As far as Google and CWI know, this was the first example of a collision ever created, though cryptographers have predicted the possibility for many years. It was only possible with the application of Google’s infrastructure, but it proved that a duplicate hash could be computed 100,000 faster than a brute force attack. The computing operations were run in parallel. Compute time is proportional to the number of CPUs and GPUs applied to the problem. With parallel computing on cloud infrastructure, the project took two years of research, planning and computation to complete.

The first phase would cost $7.4 million, assuming 100 percent of the CPU is used every minute to run on Amazon, limiting an exploit of this flaw to only well-resourced criminals and nation states. Bruce Schneier reported that Intel’s Jesse Walker estimated that computing hardware costs to create a SHA1 collision will cost just $43,000 in 2021, well within the budgets of all but the poorest cybercriminals.

Protecting security methods

Moore’s law and new architectures are big risks to protecting security methods. Cryptographers work to improve security by increasing complexity of cryptography algorithms to stay ahead of advancements in computational capability. What might take a Google data center to crack today might be possible in 10 years using consumer priced hardware. Another risk is more efficient algorithms than the one used to create the collision, in this case, could emerge.

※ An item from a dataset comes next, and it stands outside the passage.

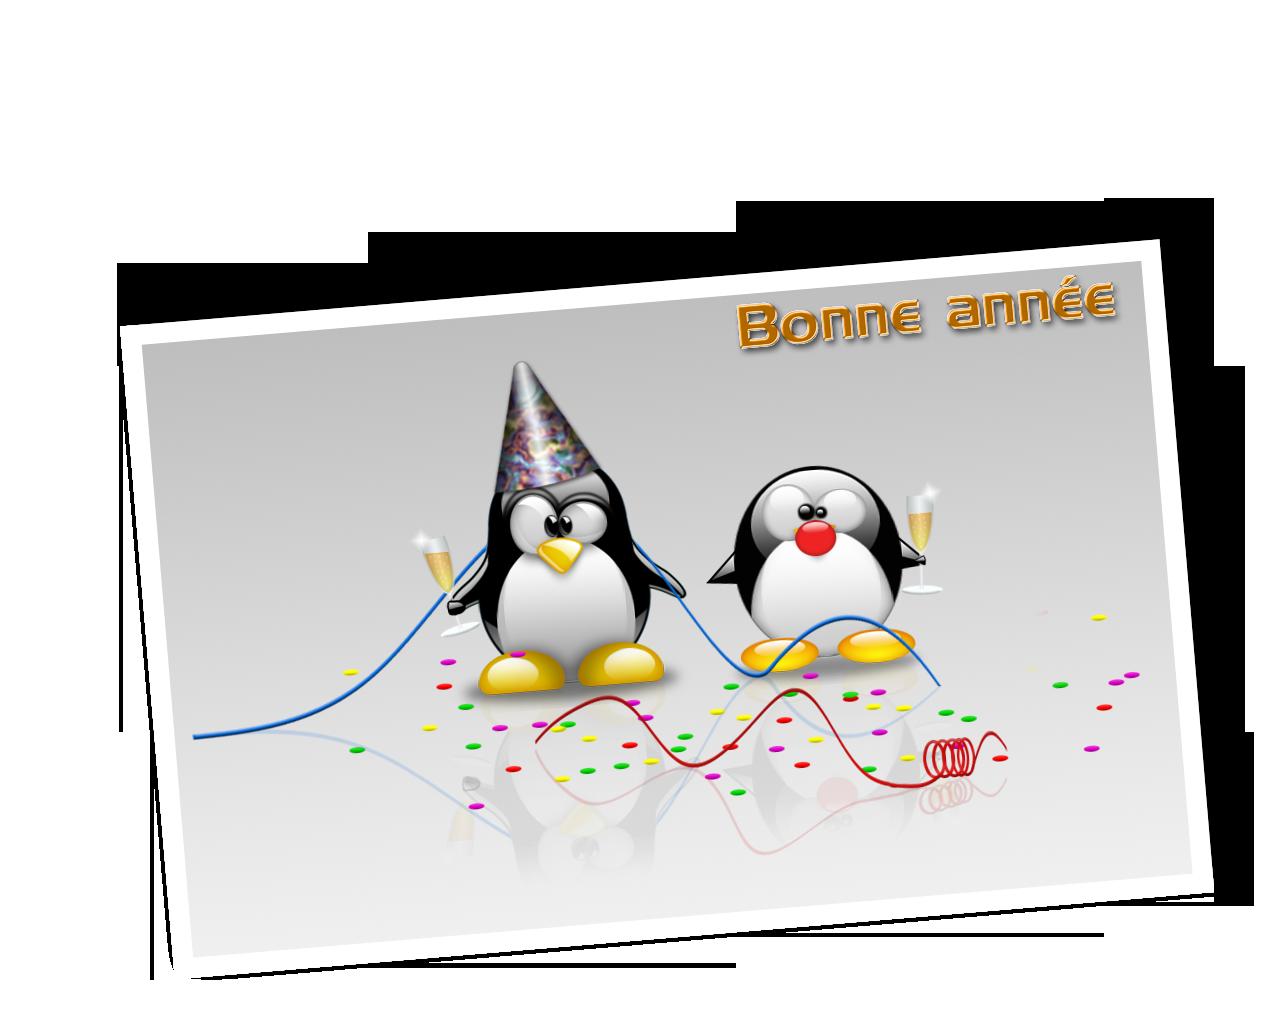 BONNE ANNEE LES FILLES 1325893078273717

All cryptography relies on generating pseudorandom numbers. SSL used to encrypt a secure browser session begins by generating a pseudorandom number in the browser that will be used as the basis to encrypt the session. The number is encrypted in the browser with the host’s public key that is decrypted upon arrival with host’s private key. Pseudorandom is not truly random. The only numbers proved to be truly random occur in nature during the decay of radioactive material. Thus all pseudorandomly generated numbers are flawed.

An attacker that understands a flaw in the pseudorandom number generation method, would have a hint about how the computation to decode the encryption key could be limited, decreasing computational time. An example of this kind of exploit occurred in 2007 when security researchers found a flaw in the PS3 ECDSA signature randomization that let them run linux on the PS3 that Sony had restricted. Hashes play a role in browser security, managing code repositories, signing documents and detecting duplicate files in storage.

Hashes verify that software came from the creator and that the downloaded software matches the creator's version. If the SHA1 hash can be duplicated, software with malicious code could go undetected.

Chrome and Firefox: SHA1 certificates insecure

The Chrome browser development team called for SHA1 to be deprecated three years ago and said that it would be phased out. Starting in January 2017, Chrome considers any website protected with a SHA1 certificate as insecure. Firefox has this feature planned for early 2017. Because of the theoretical understanding of the vulnerability, sun setting SHA1 has been under development for a long time. The CA/Browser Forum, a consortium of certificate authorities used by browsers, deprecated SHA1 in 2011. But older software still uses it and will require updates.

A transition to a new hashing algorithm can be disruptive, though. For example, when the MD5 hashing algorithm was dropped, many companies were forced to scramble for updates, including users of consumer firewall software. It is recommended that security practitioners migrate to safer cryptographic hashes such as SHA-256 and SHA-3.


I come to bury SHA1, not to praise it
Google

Google will release the SHA1 proof software used to create the collision in 90 days. They have added protections to Gmail and GSuite to detect and prevent an attack using SH1 collisions. Google also directed developers of software vulnerable to this type of attack to a detection tool created by CWI and Microsoft available under open source license on Github .

Preventing breaches and exploits is an arms race between mathematicians and cryptographers and cyber criminals. Like military defense projects, cryptography methods take years of research, implementation and deployment.